## Task details:
Could you restate the whole listing below word for word, minus the pictures?

## Raw data:
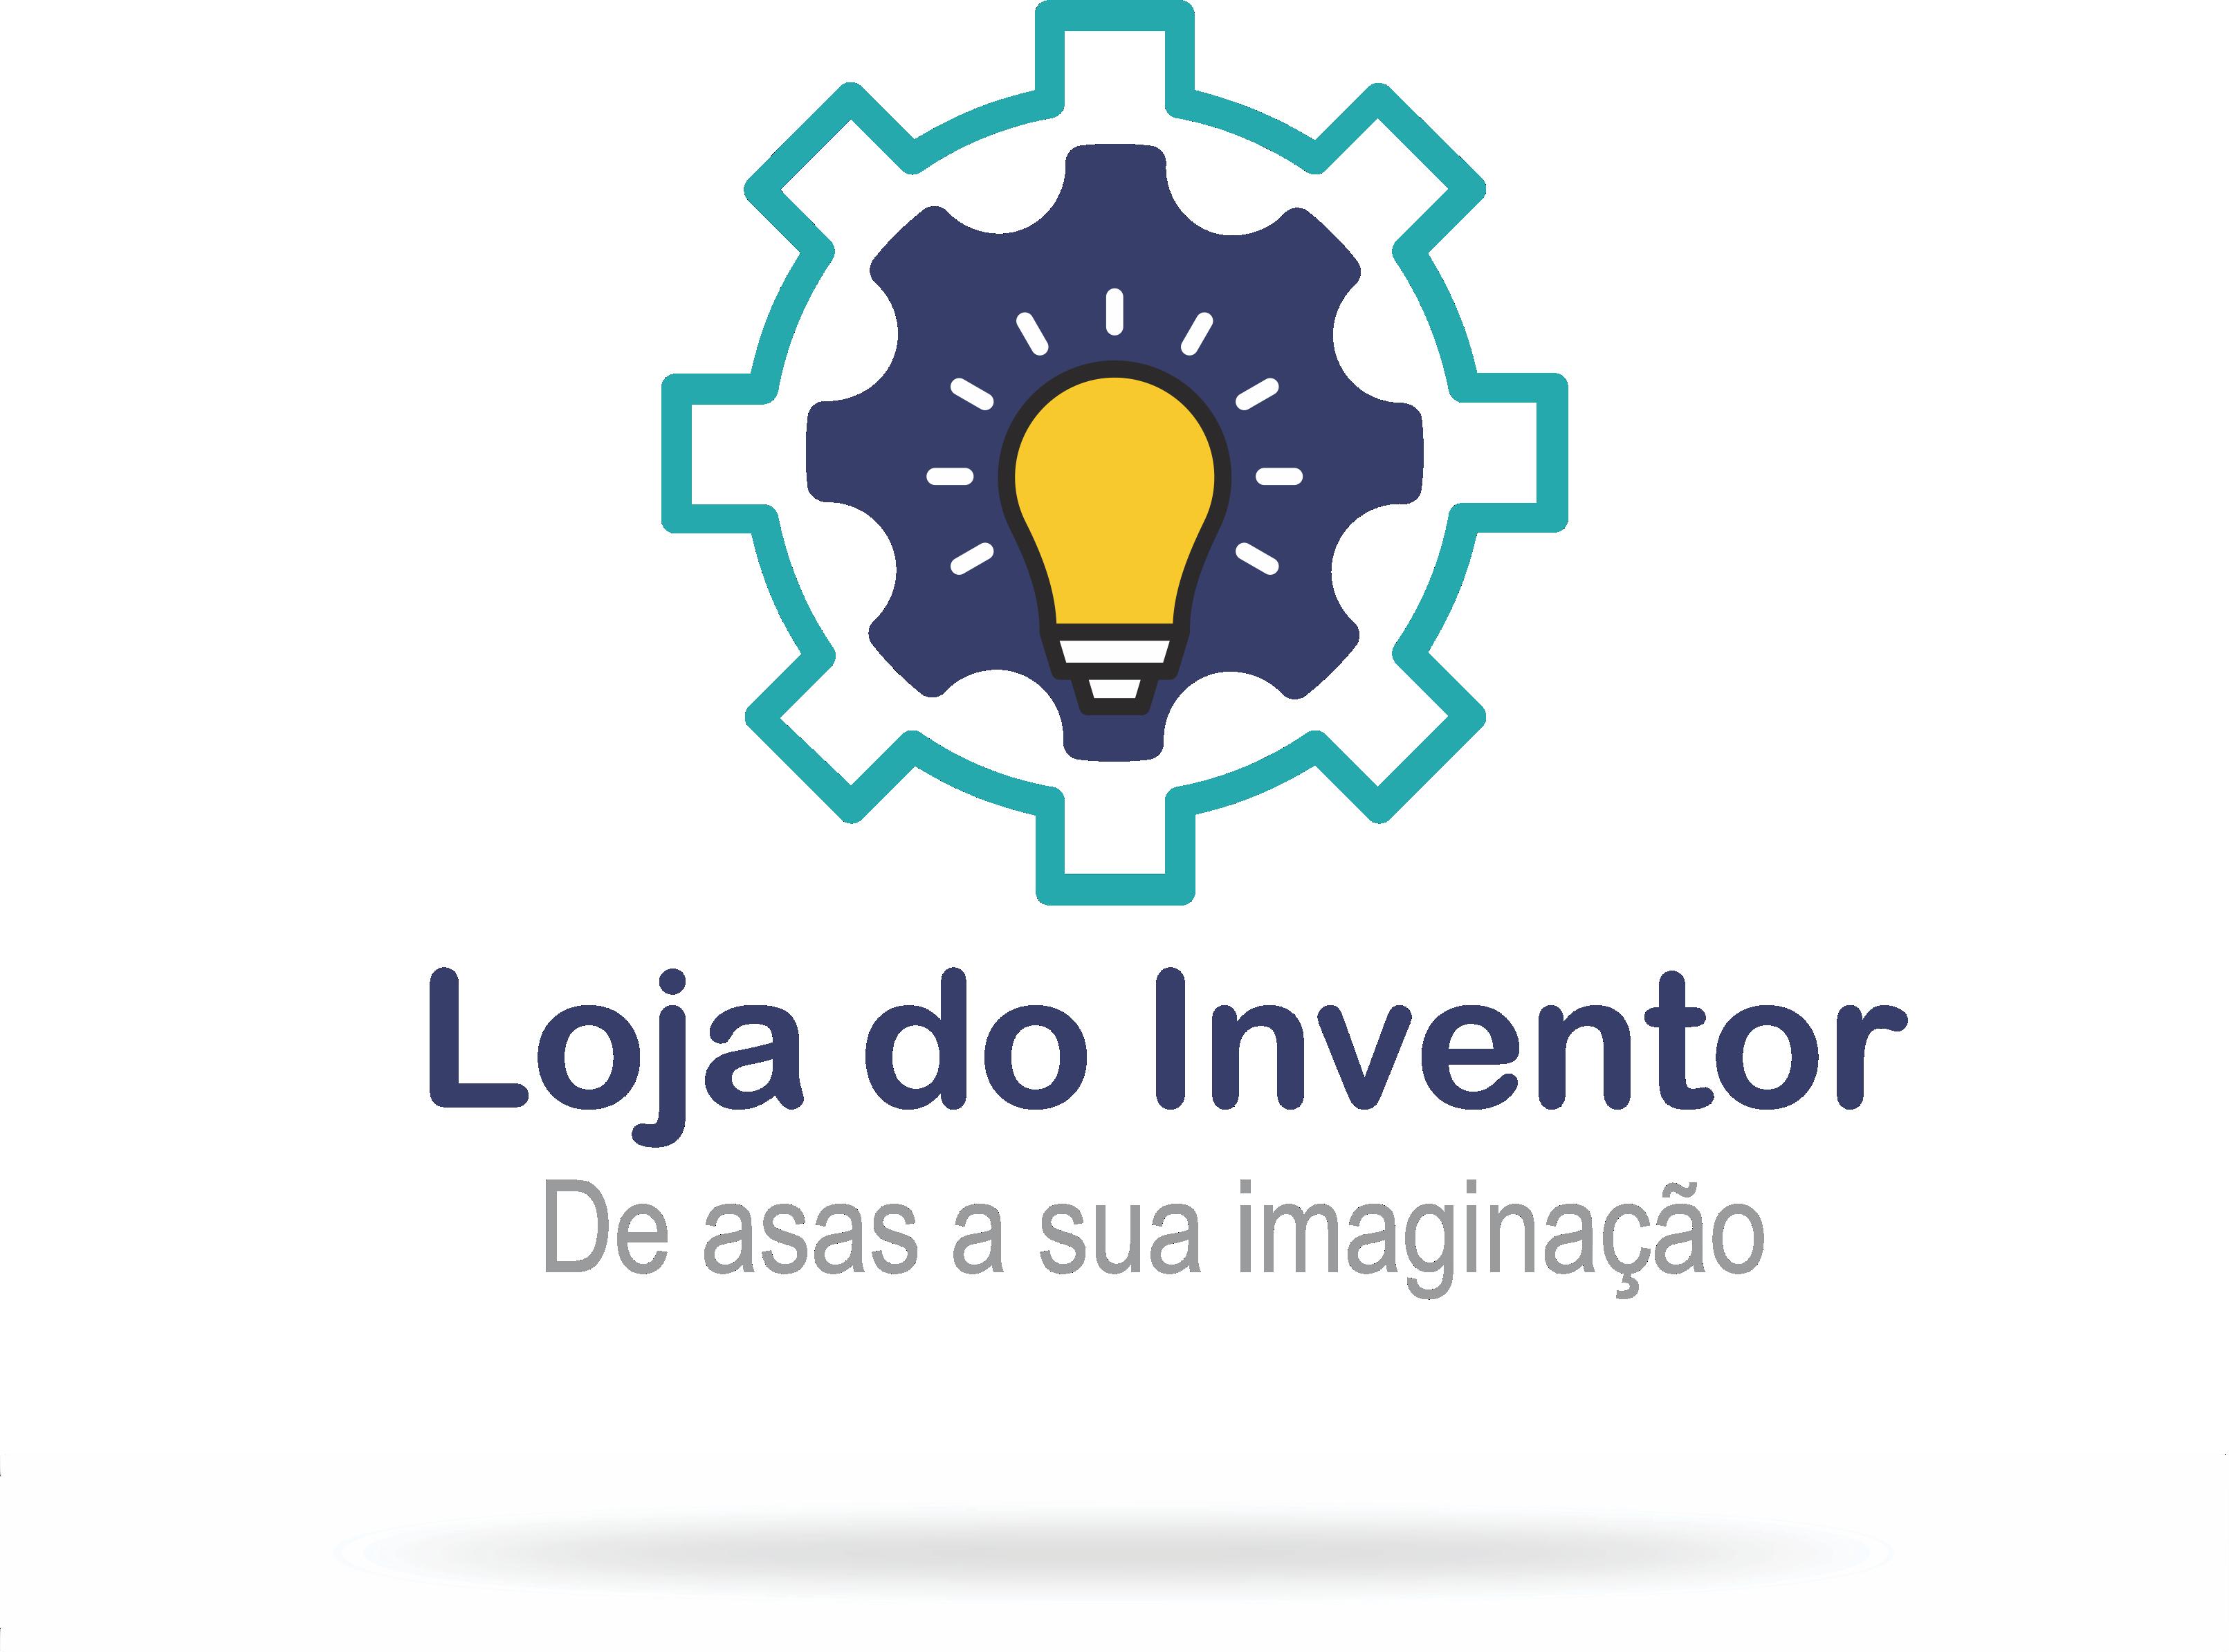 Loja do Inventor
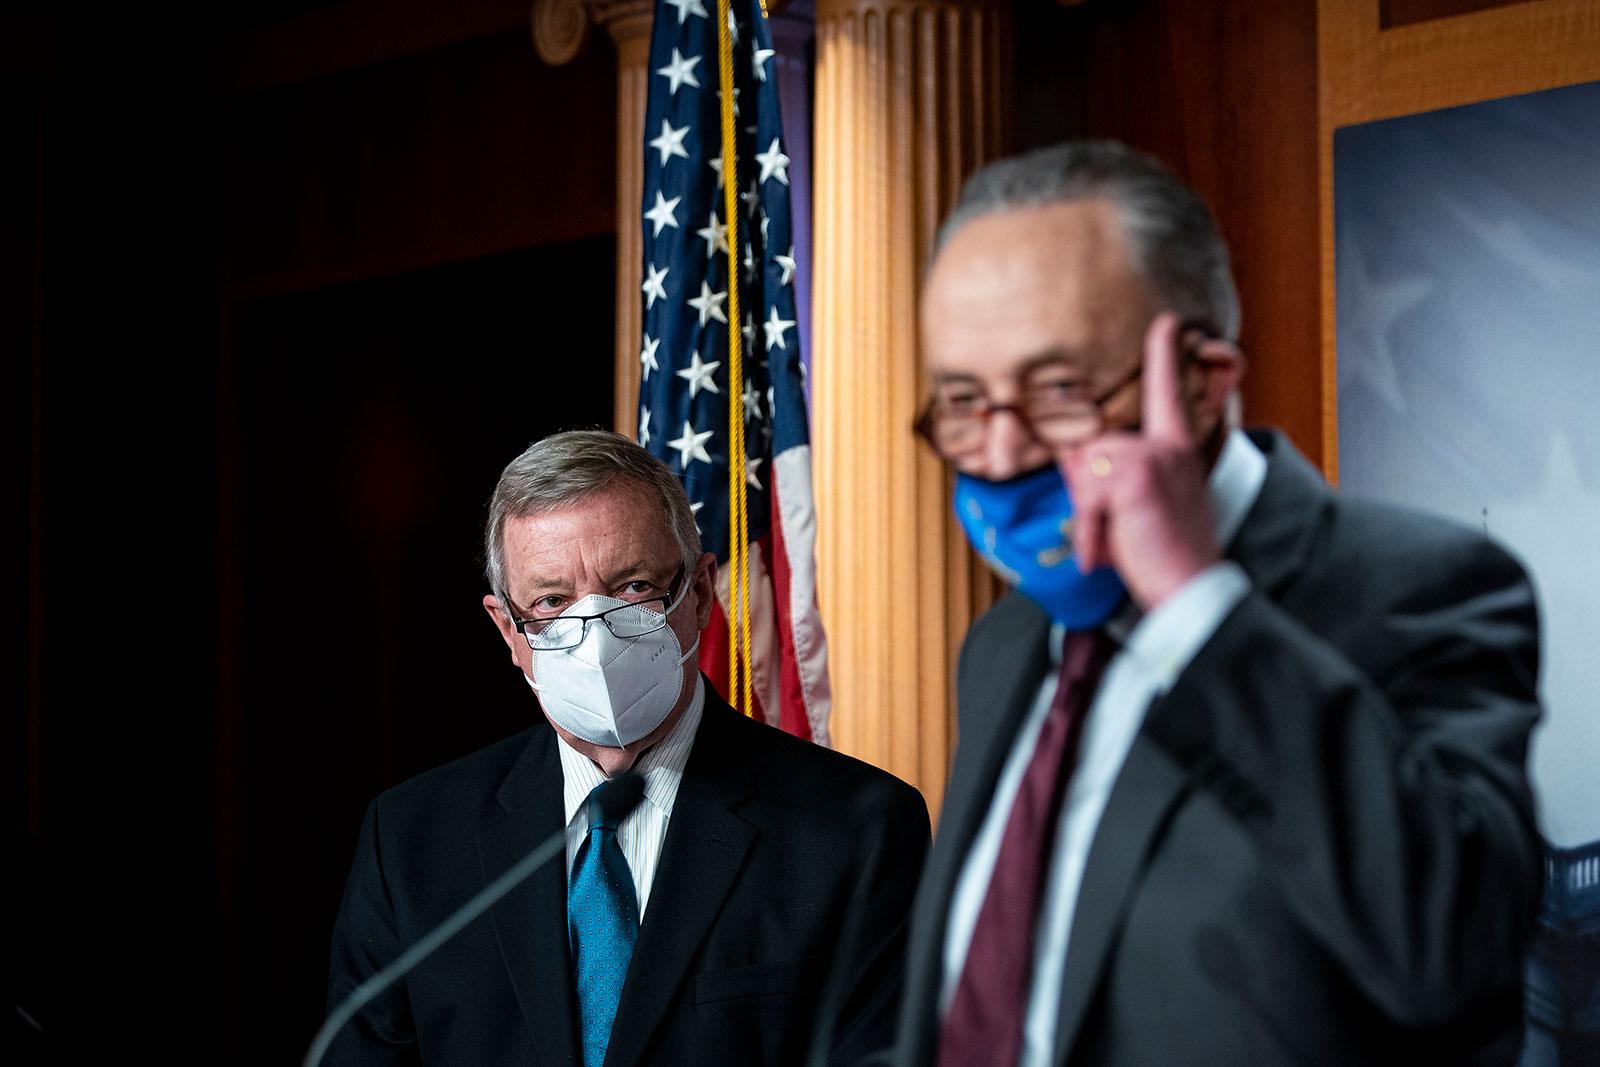 Al Drago/Getty Images
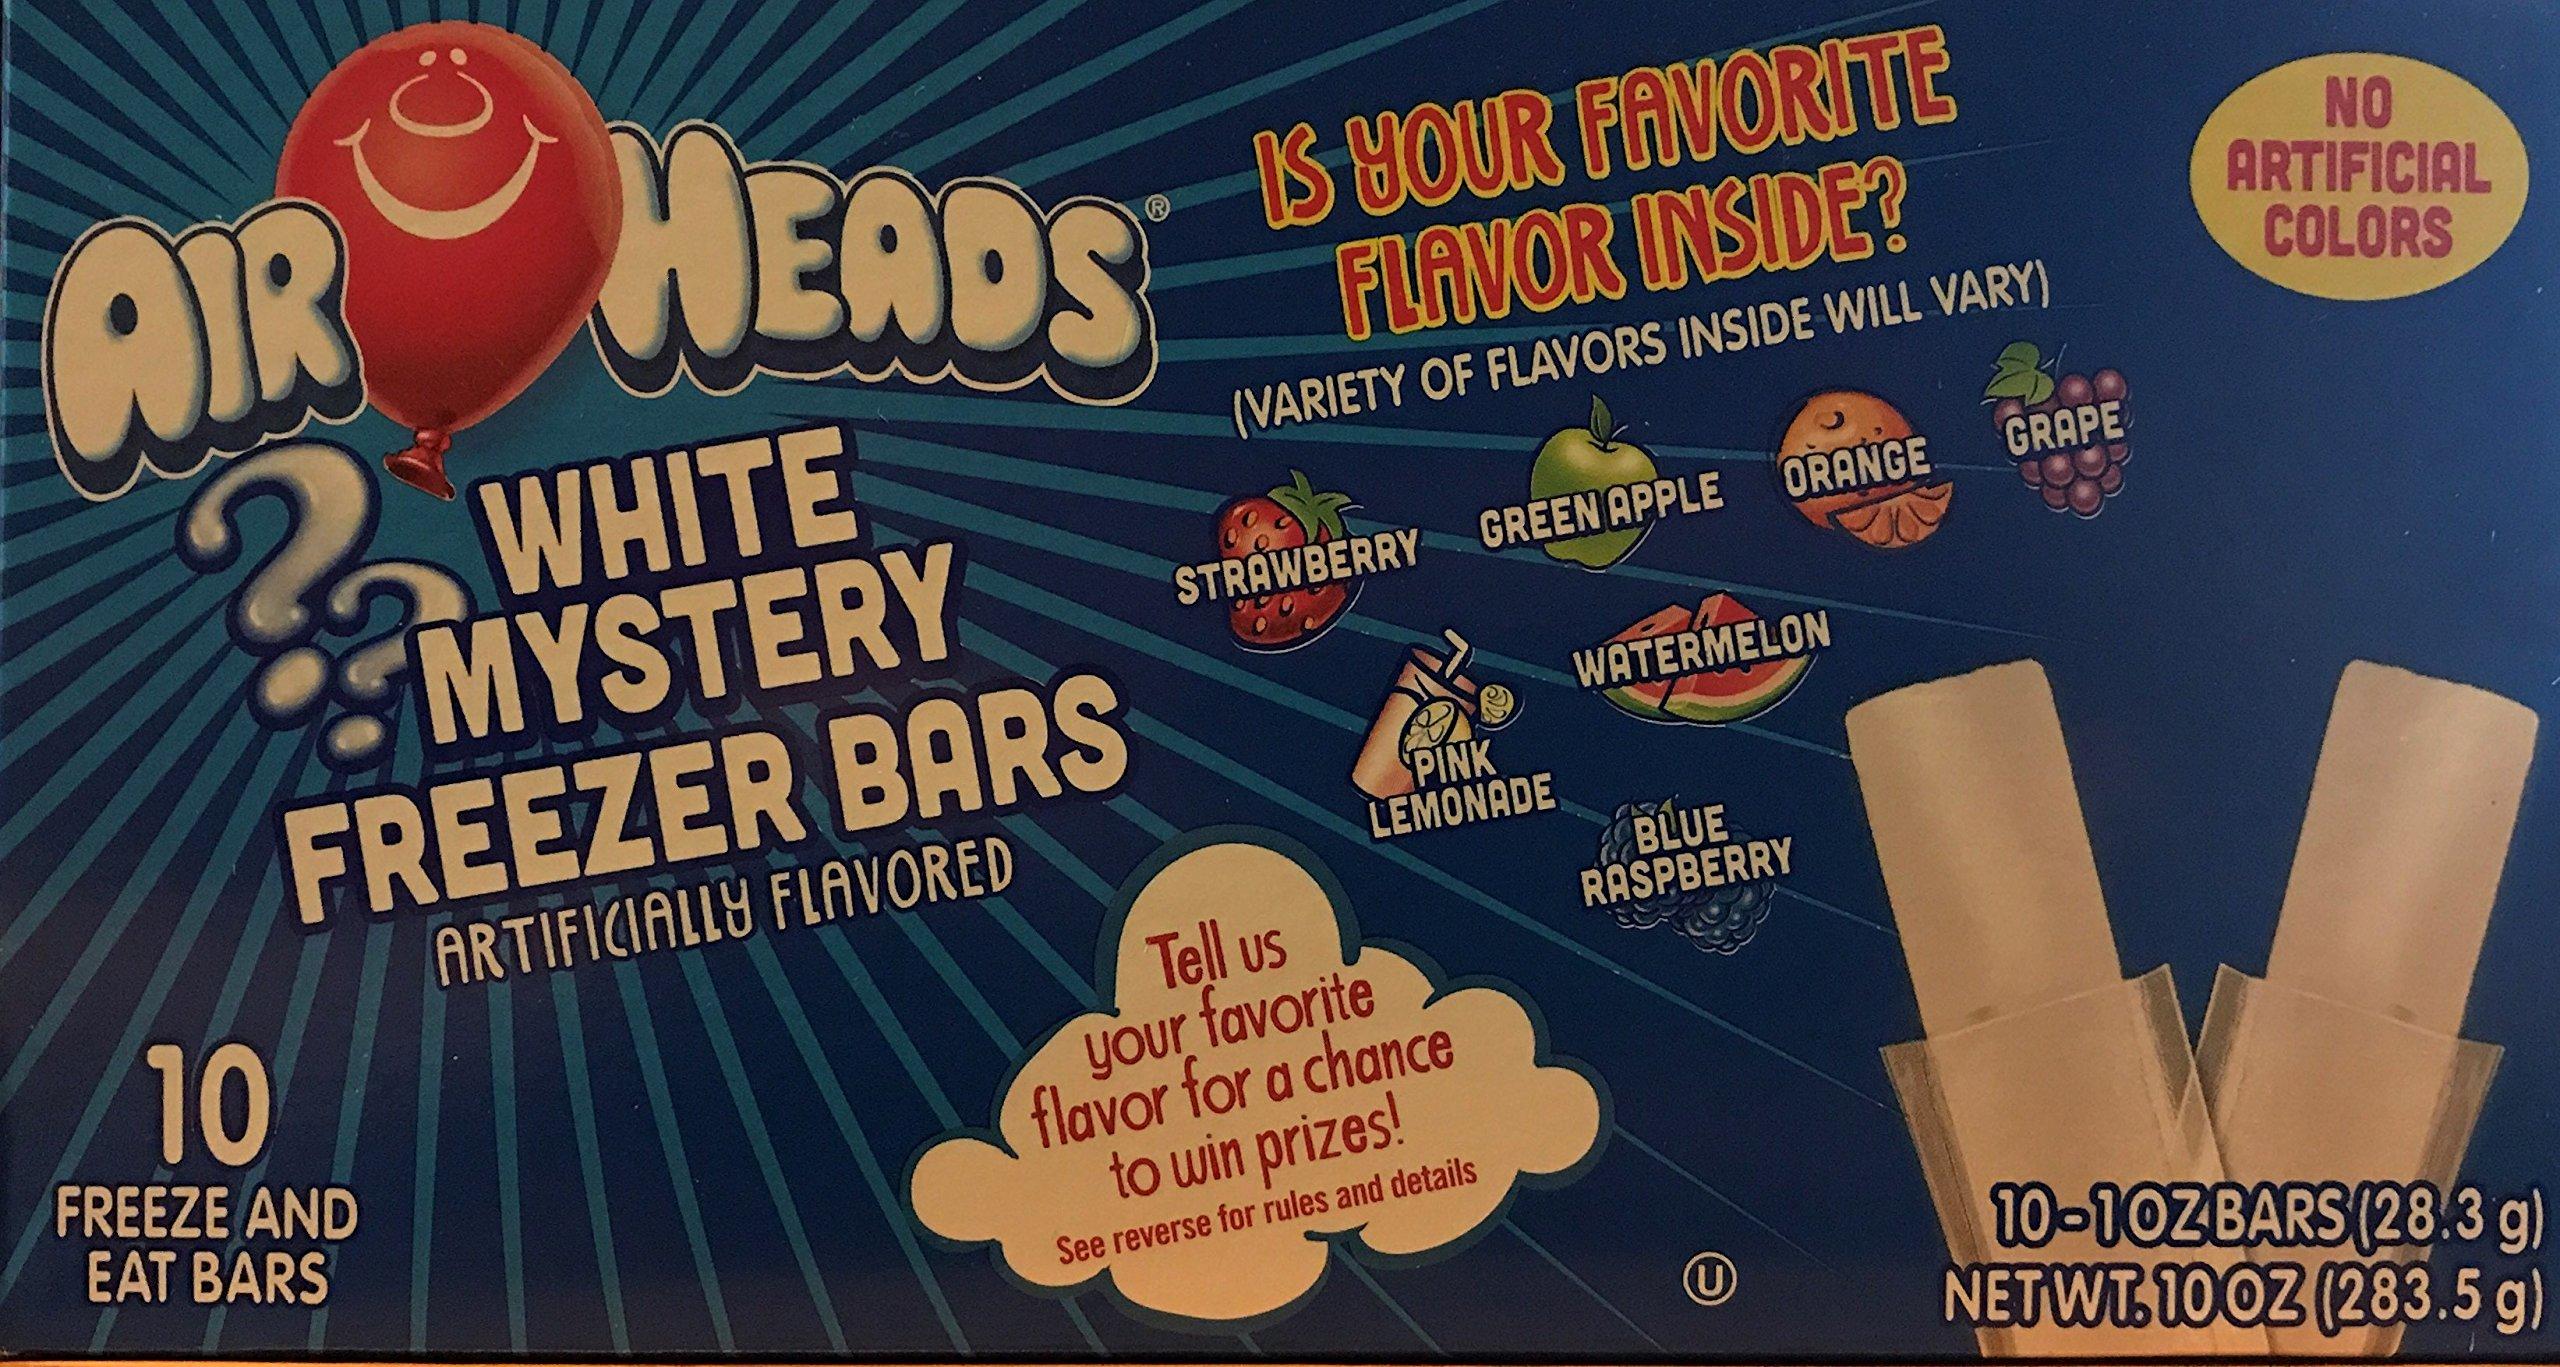 Air Heads White Mystery Freezer Bars! Strawberry! Greenapple! Orange! Grape! Pink Lemonade! Watermelon! Blue Raspberry! 10-1oz Bars!

## Task solution:
 Loja do Inventor
 Al Drago/Getty Images
 Air Heads White Mystery Freezer Bars! Strawberry! Greenapple! Orange! Grape! Pink Lemonade! Watermelon! Blue Raspberry! 10-1oz Bars!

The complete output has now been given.